Я шел сзади этого нового знакомого и думал: сколько еще «уроков» у меня впереди?

Почти сразу после возвращения в барак я увидел, что в зону входят зэки, возвращающиеся с работы: ворота были открыты, и офицеры с надзирателями стояли по бокам с деревянными досками, делая на них отметки.

— Первая пошла! Вторая пошла! — орал один из них.

Входя в зону, каждый вел себя по-разному: одни бежали куда-то по делам, в санчасть (а вдруг удастся получить освобождение на завтра?), другие — кого-то повидать до закрытия бараков на ночь; но большая часть шла медленно, словно в трансе от усталости, лица обмотаны грязными и промерзшими тряпками, глаза без выражения.

В бараке стоял гул голосов и была нестерпимая вонь от разматываемых портянок, от мокрых валенок, от грязных и потных тел.

Еще предстоял ужин, и люди не раздевались до конца: все ждали, когда наш барак позовут в столовую — сразу все бригады там не вмещались. Но вот и долгожданное «выходи в столовую!» — и мы идем туда, где утром была «комиссовка». Ужин — кусок селедки, хлеб и немного разваренной скользкой каши, не имеющей никакого вкуса. Но это вкусно! В лагере все вкусно! Остатков в мисках нет, а у помойки ходят вечером и утром какие-то жалкие оборванные тени и ищут селедочные головки. Это — смертники. Если человек в лагере пошел на помойку, то его ждет могила.

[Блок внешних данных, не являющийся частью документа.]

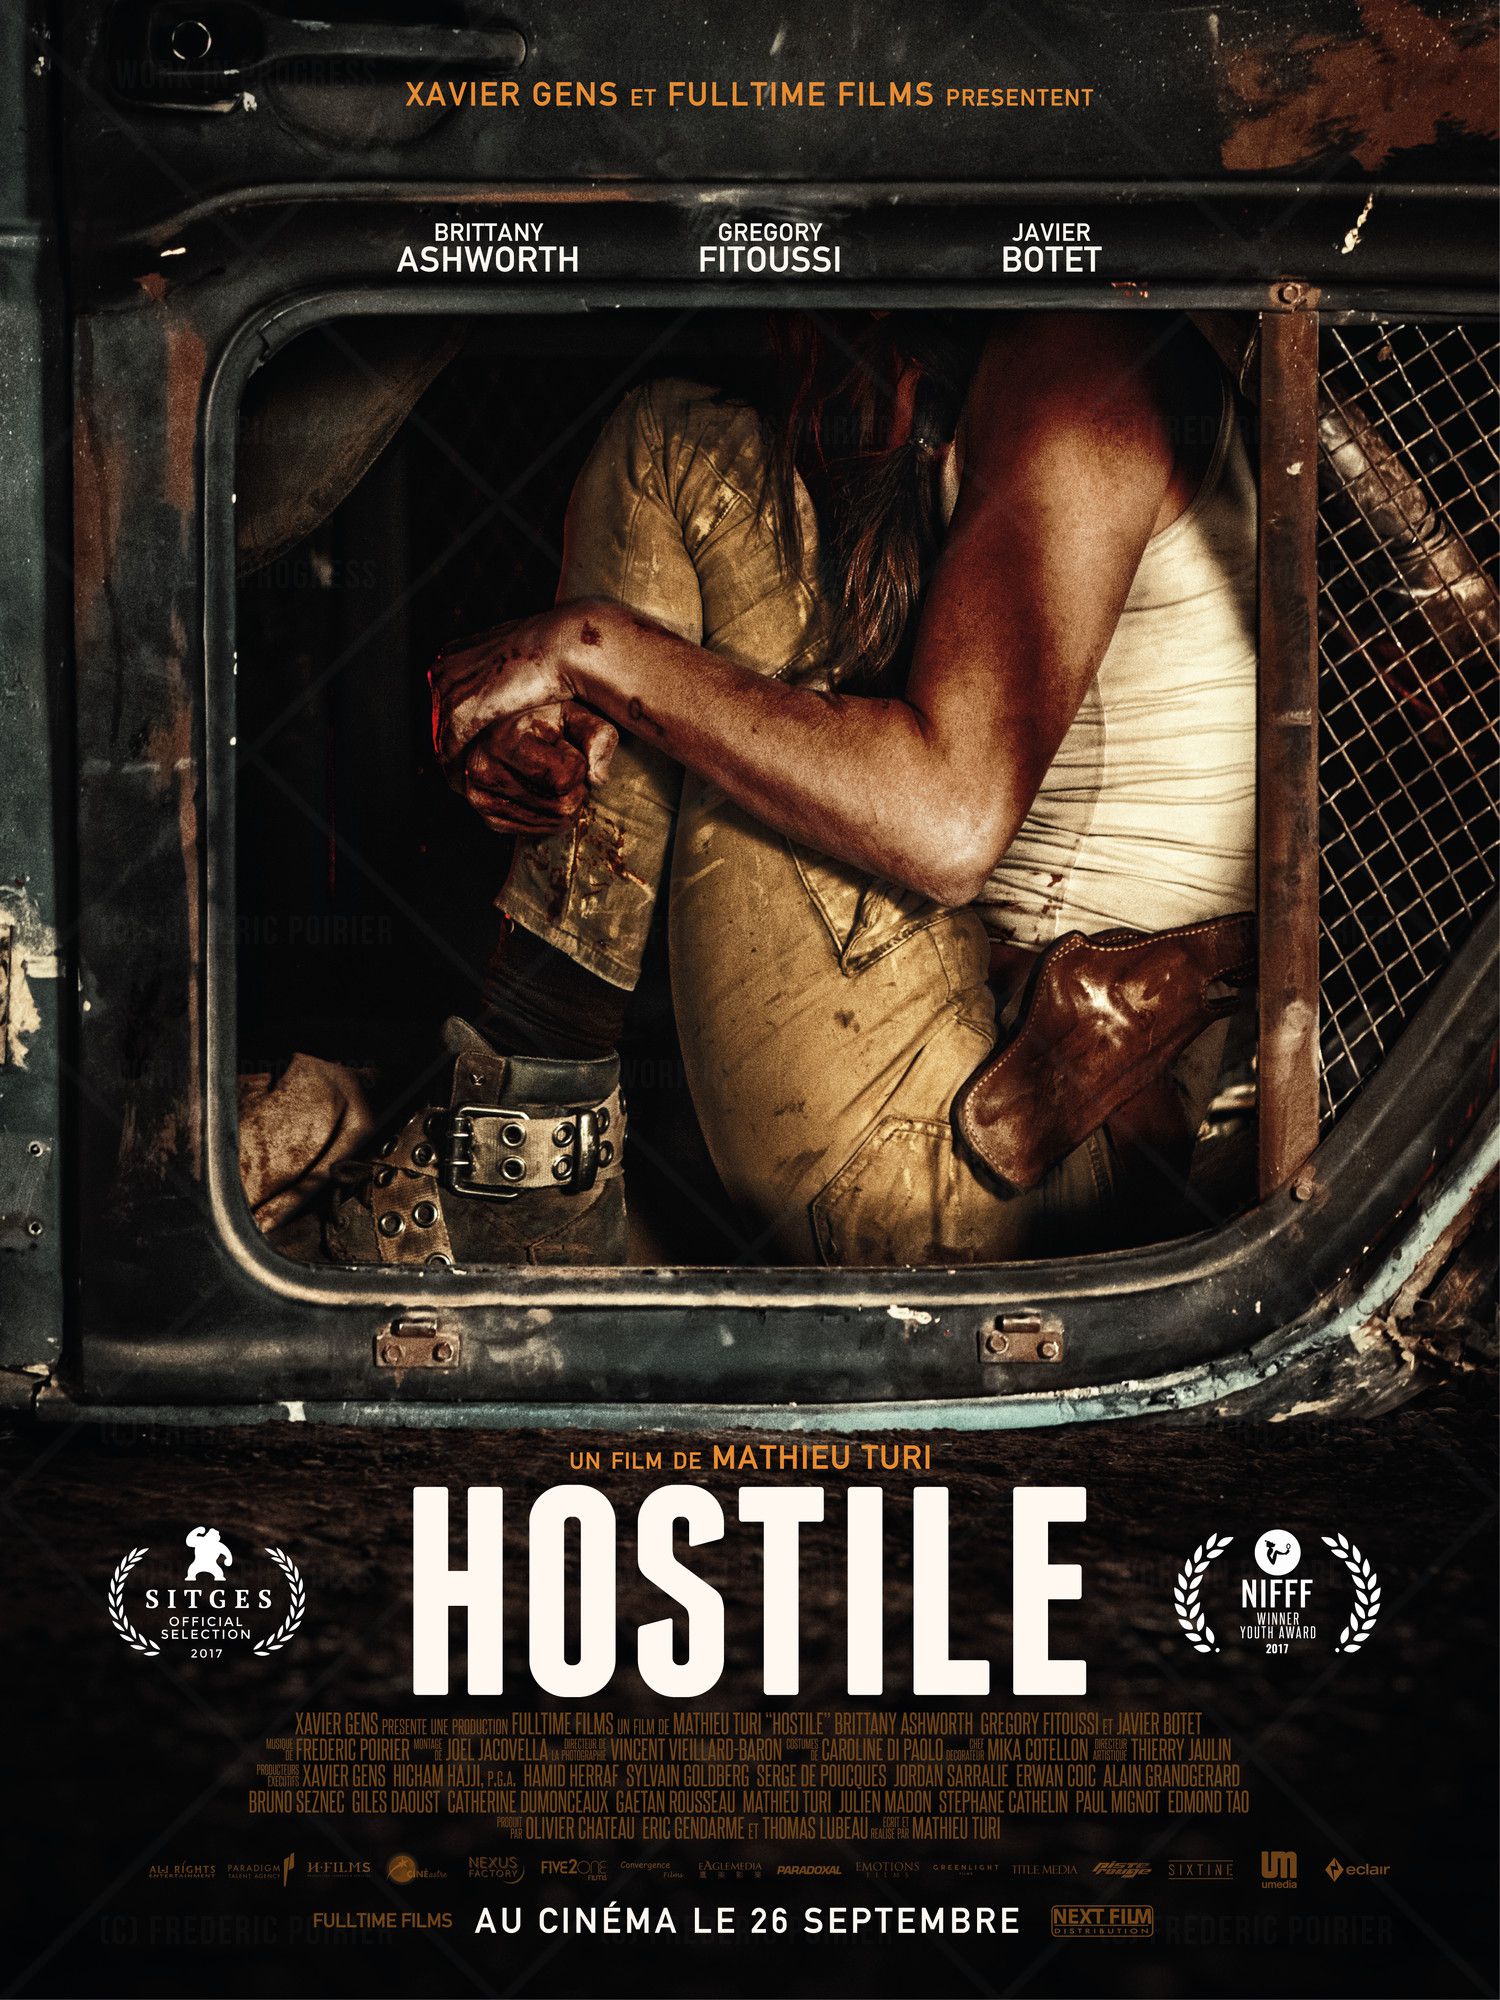 Hostile - Film (2018) streaming VF gratuit complet

Когда мы возвращались из столовой, за вахту несколько санитаров вытягивали сани с трупами людей, умерших за день в больнице. Шедший со мною Виктор посоветовал:

— Посмотри, зрелище, достойное увековечения...

Сани остановились у вахты. Трупы лежали на морозе голые, с бирками на ногах — номер, не фамилия. Из домика вахты вышел дежурный надзиратель.

— Ну, чаво так поздно? — заворчал он, потом повернулся и ушел, а через минуту вышел снова, держа в руке железный стержень, раскаленный в печке — ведь лежит он там все время, ждет! — и этим вертелом прожег по очереди каждый труп: а вдруг притворяется и хочет, выйдя голым в сорокаградусный мороз, убежать!